Gather all the 3D printed parts

Place the 623 ball bearing (12 units, 2 per pulley) inside the plastic pulleys (top on the photo above) and pick the LMU88 linear bearings and the piece shown in the photo (white)

Push the LMU88 into the plastic part. If you find any burr or inside the channel where the linear bearing is, remove it gently. Both LMU88s have to be perfectly aligned in order to avoid any kind of friction with the steel bar that will run inside.

Insert both ALUMINIUM tubes (8⌀ 390 mm long) inside the plastic part (LATERAL SLIDER)

Assembly the pulleys (two per lateral slider) as indicated above. Avoid any friction here. This is important. The pulleys should rotate without resistance (see the video below)

Time to fix the stepper motors. Take the parts indicated above, 6x M3 6mm bolts, 4x M3 10mm bolts and 10x M3 nuts

Put inside the holes of the pulleys the M3 nuts and use the 10mm bolts to fix the axis. You would need a hammer to push the pulleys in place. They have to be tight, the continuous robot accelerations could make them to get loose.

Now use the M3 6mm bolts to attach the motors to the H-BOT “corner pieces”

Pay attention to the motor´s connector orientation.

The ROBOT pusher: use 4xM3 6mm bolts and 4x M3 nuts to fix the two parts.

Done!

Now, fix two LMUU8 to the PUSHER using 4 zip ties. Do NOT tighten it up completely. Leave it a little bit loose until you run the aluminium tubes through the linear bearing later

Run the aluminium tube through the PUSHER and attach the lateral SLIDER. Now you can tighten the LMU88U to the PUSHER. 

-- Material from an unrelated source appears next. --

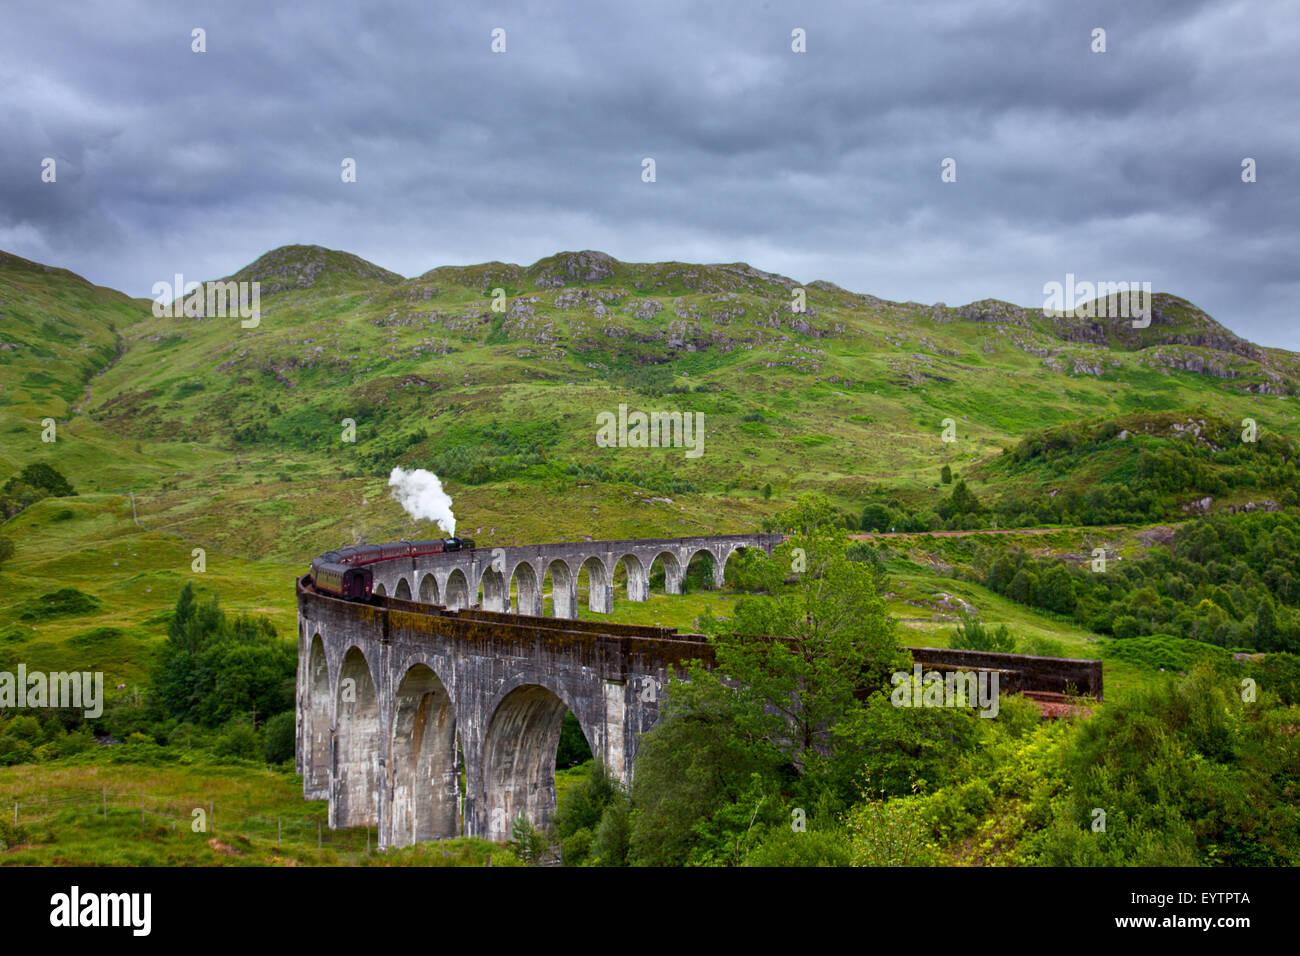 Glenfinnan Viaduct, Beinn an Tuim, Harry Potter, bridge, highlands, Scotland - Stock Image

Attach the motors to the corners of the Air Hockey table using 2x Wood screws

Side view of the motor and its support with the two screws.

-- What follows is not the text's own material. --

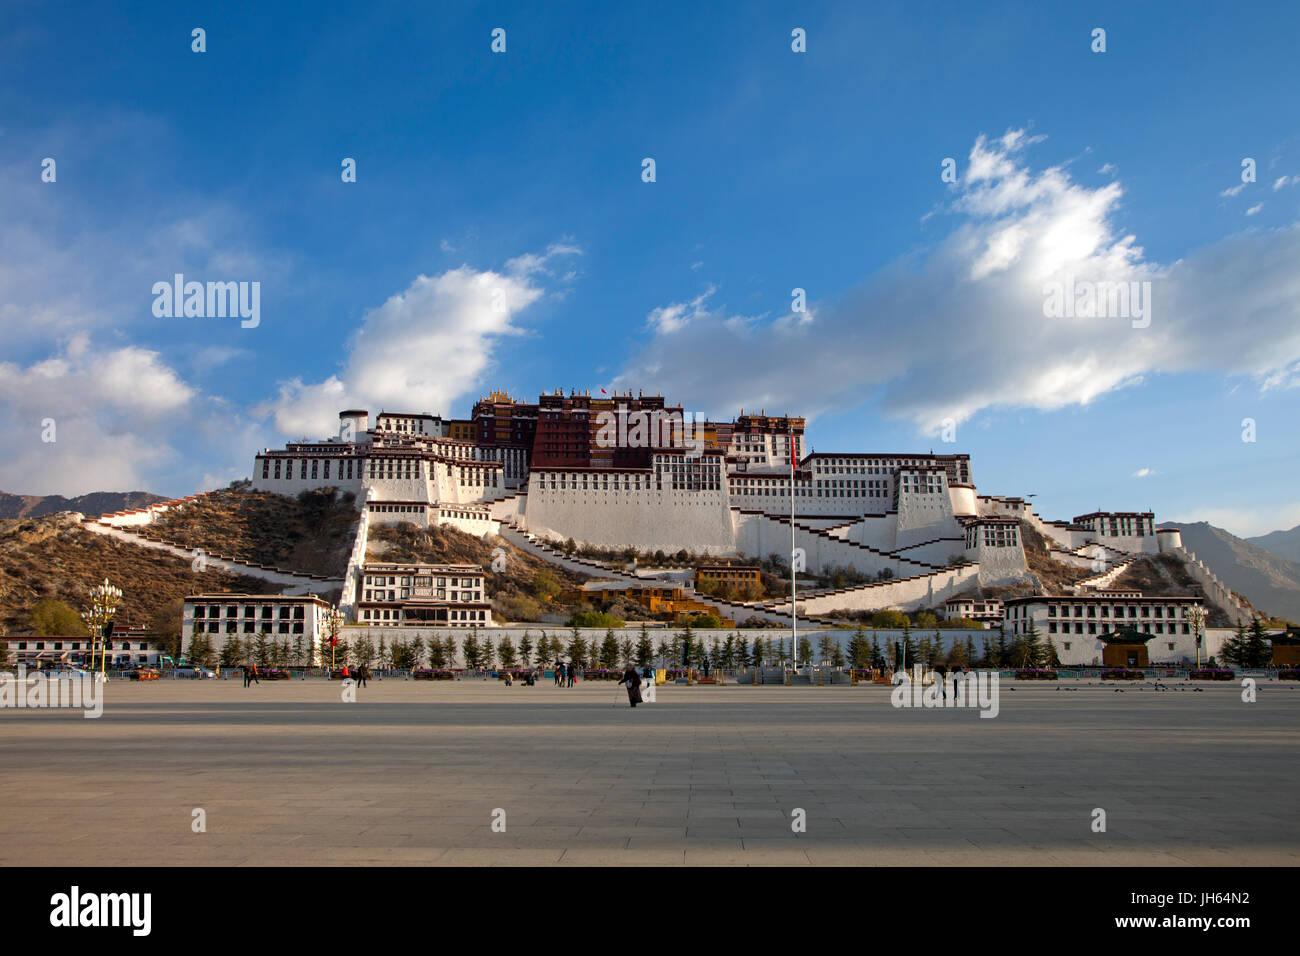 Il palazzo del Potala,Lhasa,il Tibet, Cina Immagini Stock

Steel round bar: you can push it into the channel after fixing the motor support to the Air hockey or before (as shown in the photo below). If you feel resistance, dismount the motor support and do it using a small hammer.

Place 2x LMUU8 in each steel bar as indicated above.

Use 2x Wood screws to fix the lateral support to the air hockey table.

Follow the above diagram to know where everything goes (Use 15mm M3 bolts).

Nice! It is time to attach the ROBOT ARM to the H-BOT. The lateral plastic parts will fit into the LMU88 with a CLICK! when placed correctly.

Check the video below. You should have NO RESISTANCE (at all) to the free movement of the Robot

 

If you feel friction:

• Check if the LMU88s in the LATERAL SLIDERS are aligned. 
• Loose a little the zip ties of the robot PUSHER
• Are the steel bars aligned to the laterals of the Air hockey table? If not: loose a little the wood screws that are fixing the lateral support and motor support to the table.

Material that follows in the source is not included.